Big thanks to my buddy Mike for having me out this year. We had a blast!


----------



## manysteps (Sep 28, 2009)

WOW :shock:


----------



## Mojo1 (Sep 8, 2007)

Nice!!


----------



## bwhntr (Sep 12, 2007)

8)


----------



## izzydog (Jan 18, 2008)

Saweeet!


----------



## BPturkeys (Sep 13, 2007)

Very nice there Tex. Great looking birds. Hey, two of them look pretty darn brown...Eastern??


----------



## TEX-O-BOB (Sep 12, 2007)

BPturkeys said:


> Very nice there Tex. Great looking birds. Hey, two of them look pretty darn brown...Eastern??

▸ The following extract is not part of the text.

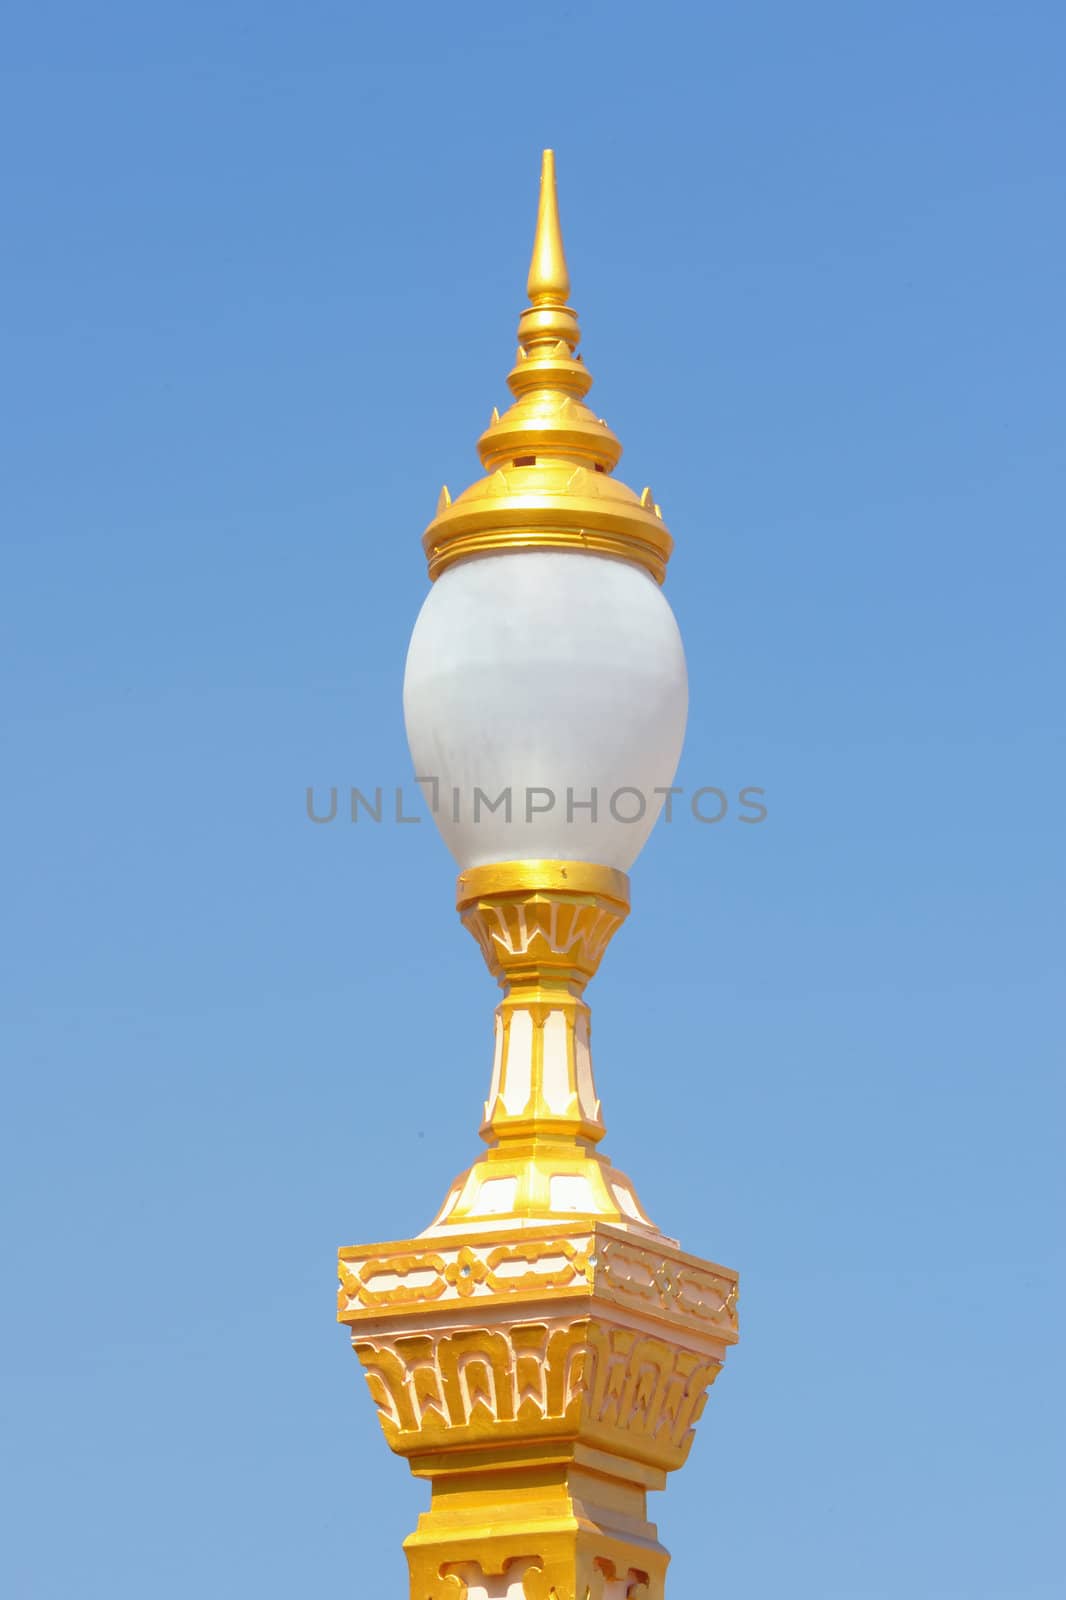 Thai antique lamp with blue sky.This vintage Thai styled for decorated in the park.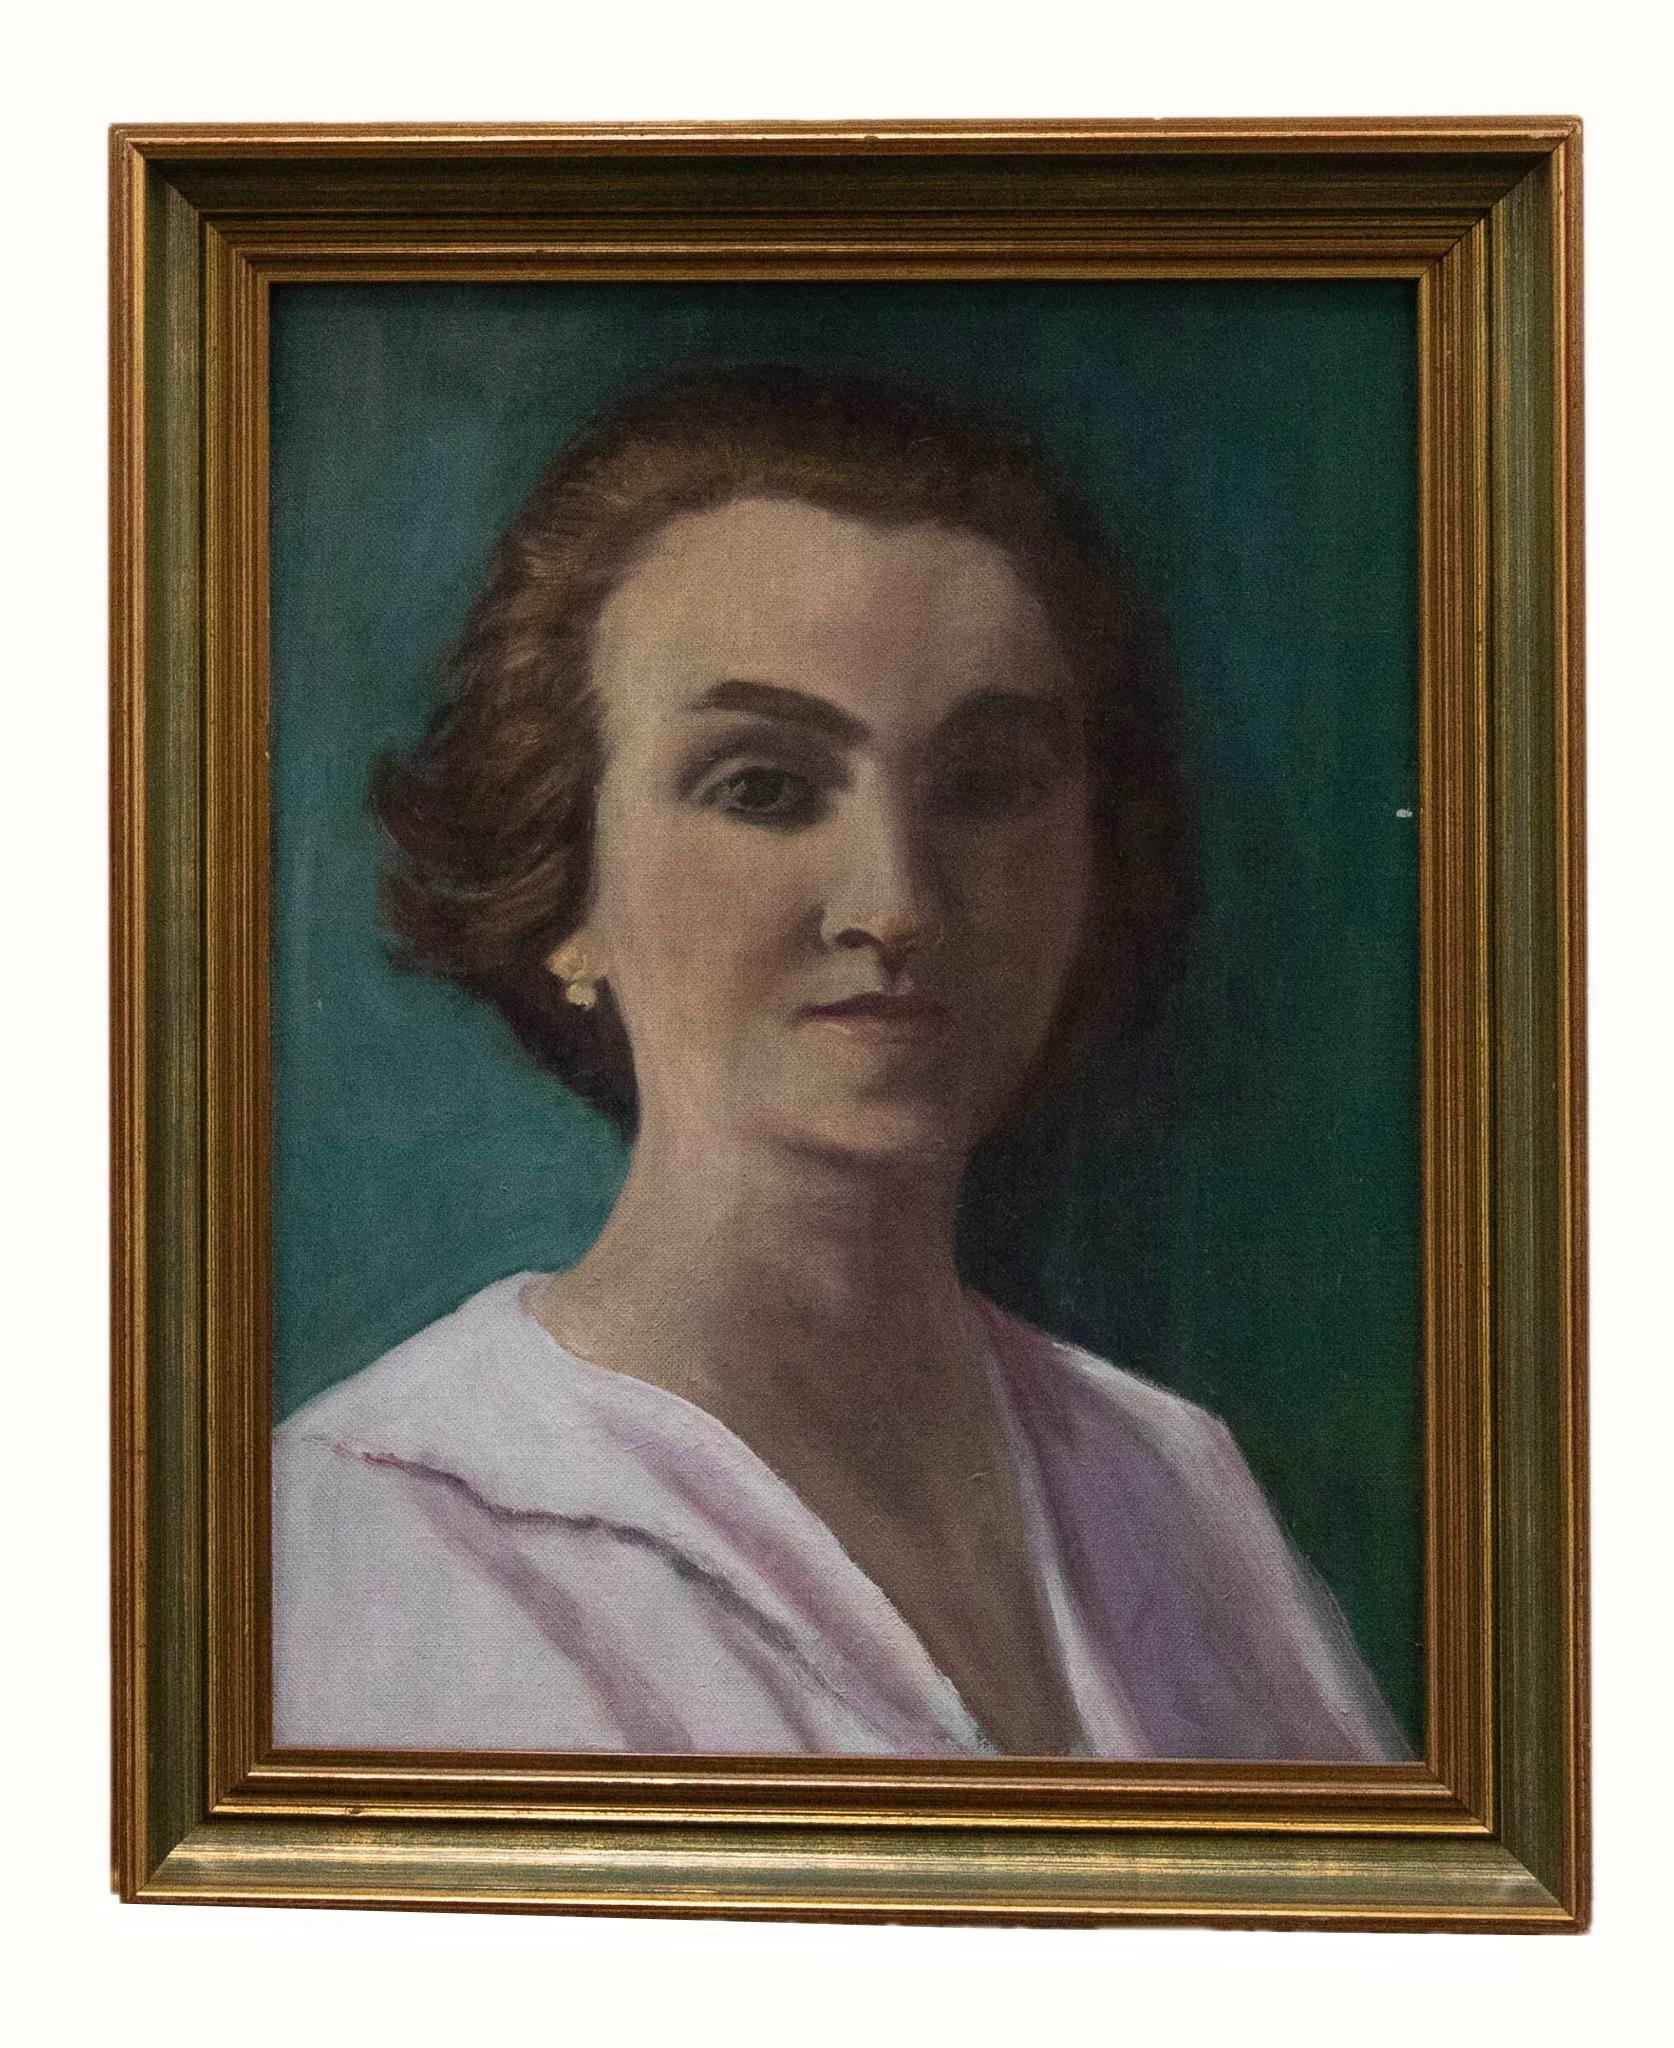 Unknown Portrait Painting - Framed 20th Century Oil - Portrait of a Women

Yup! Twenty years ago the only thing up there was Marriums. Then some clown brought in a bunch of Easterns and let em go. Now you never know what yer gonna get...


----------



## birdman (Nov 21, 2007)

The more it doesn't happen, the more you appreciate when it does. Congrats.


----------



## Road Runner (Mar 20, 2010)

Nice! Looks like Idaho. I love it up there. Great Job.


----------



## Bears Butt (Sep 12, 2007)

How Sweet It Is! Congrats!


----------



## dkhntrdstn (Sep 7, 2007)

well nice job and i hope you still some luck left for the next couple weekends. to get those kids there birds.


----------



## TEX-O-BOB (Sep 12, 2007)

Yup, hopefully the birds will cooperate as well for us up there.


----------



## SureShot (Oct 2, 2007)

Very nice! Congratulations on some great birds and some wonderful artsy pictures.


----------



## Bowdacious (Sep 16, 2007)

Well well....looks like I need to go out of state for some turkey hunting! Well done! Love the pics!


----------